- Honestly, Mr. Fish? I think you're the worst man I've ever met. And I just know if I give it my all, I can get in there and fix you. Good night, Mr. Fish.
Appearing in "Chapter Three: Cracked Up"
- Junkyard Dog
- Poison Ivy
- Jane Doe
- Harvey Bullock
- Jason Blood
- Security Guard Wrigley (Only appearance; dies)
Synopsis for "Chapter Three: Cracked Up"
Meanwhile Doodlebug bribes a security guard, "Wrigley," to let him out of his cell using a self-portrait that would be worth a lot of money on eBay. The guard escorts him to the joint cell of "Pamela Isley" and "Margaret Pye" (Poison Ivy and Magpie respectively), where it is revealed that he had in fact been the one in possession of the mirror shank (see previous issue). He declines to do anything violent with it however, instead opting to trade the "shiny object" to Magpie in return for sex, which seems to be a standard deal with her.
Humpty Dumpty tells of how he had been orphaned at a young age, and forced to live with his abusive grandmother. He had always been an even-tempered man, but he just could never tolerate when things simply did not work. Frustrated two many times by faulty machinery, he began taking do it yourself books out of the library, and "fixing" things late at night in secret, such as trains that had left before they were scheduled, or ATMs that didn't work. These repairs always ended in disaster, and the object in question would usually be completely destroyed the next day. His final repair, on the Gotham Clock Tower had caused a chain reaction that knocked down all of the gigantic props on Gotham City's rooftops they were so famous for into the streets. He was tracked down by Batgirl, who as a librarian had been able to find him by his overdue books. He immediately turned himself in, having not meant any harm, but Batgirl was also curious as to why he had taken out a copy of Gray's Anatomy. Apparently, believing her to require repair, Humpty had taken apart his own grandmother and tried to put her back together again.
Meanwhile, Jane Doe assumes Wrigley's identity, and escorts an oblivious Doodlebug back to his cell, leaving the door slightly ajar on purpose.
In the Gotham City Morgue, despite his considerable jadedness, Harvey Bullock is confronted with a corpse whose condition makes even him throw up.

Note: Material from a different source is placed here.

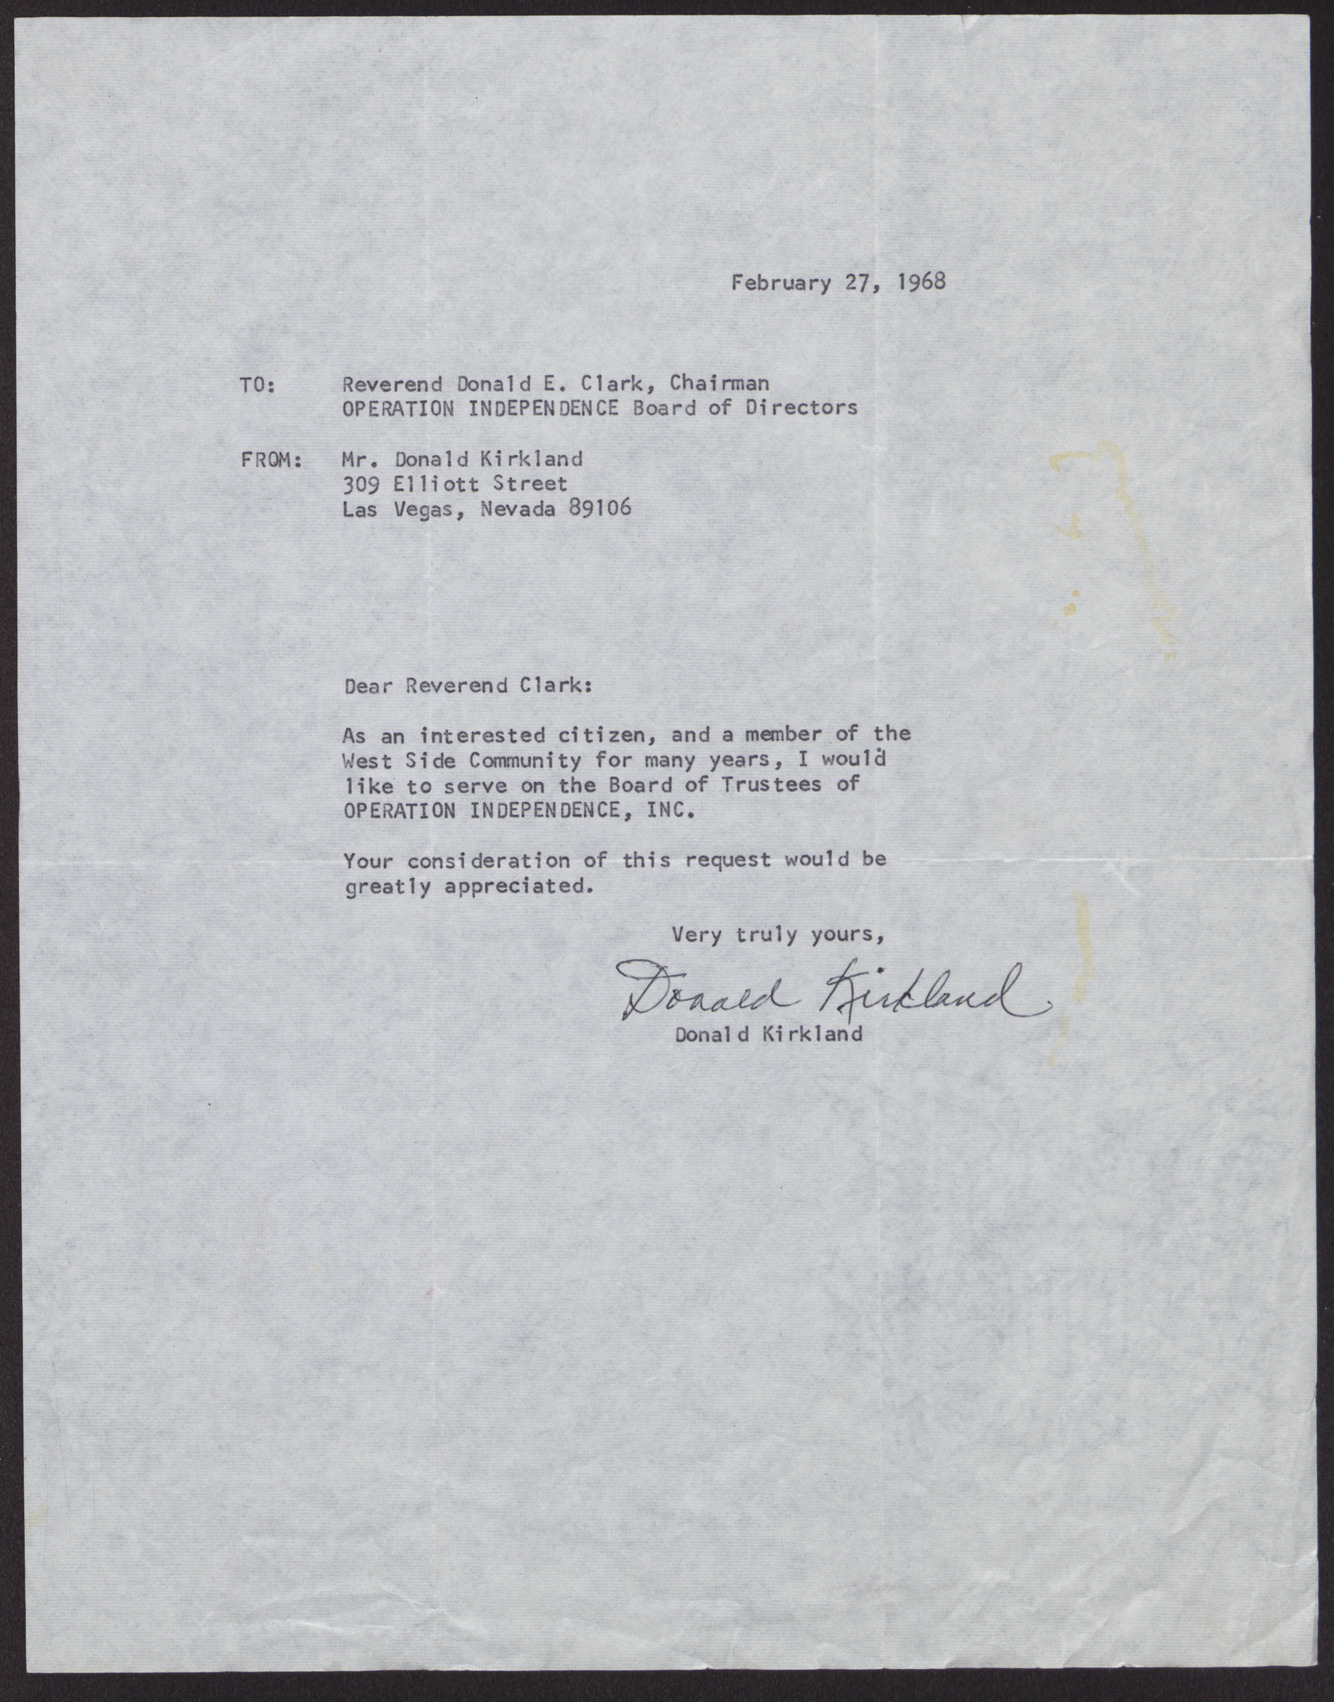 Letter to Reverend Donald E. Clark from Donald Kirkland, February 27, 1968

There's a mysterious new serial killer in Gotham, whose victims Jason Blood tells him have "all committed the same sin."
- This book was first published on July 2, 2003.
- No special notes.
- White notes that after the destruction caused by Humpty Dumpty, an act was passed banning all gigantic props in Gotham City, which explains their strange over-abundance in the Golden and Silver Ages, then their sudden drop from view. This act is referred to as the "Sprang Act," a nod to classic Batman Creator "Dick Sprang."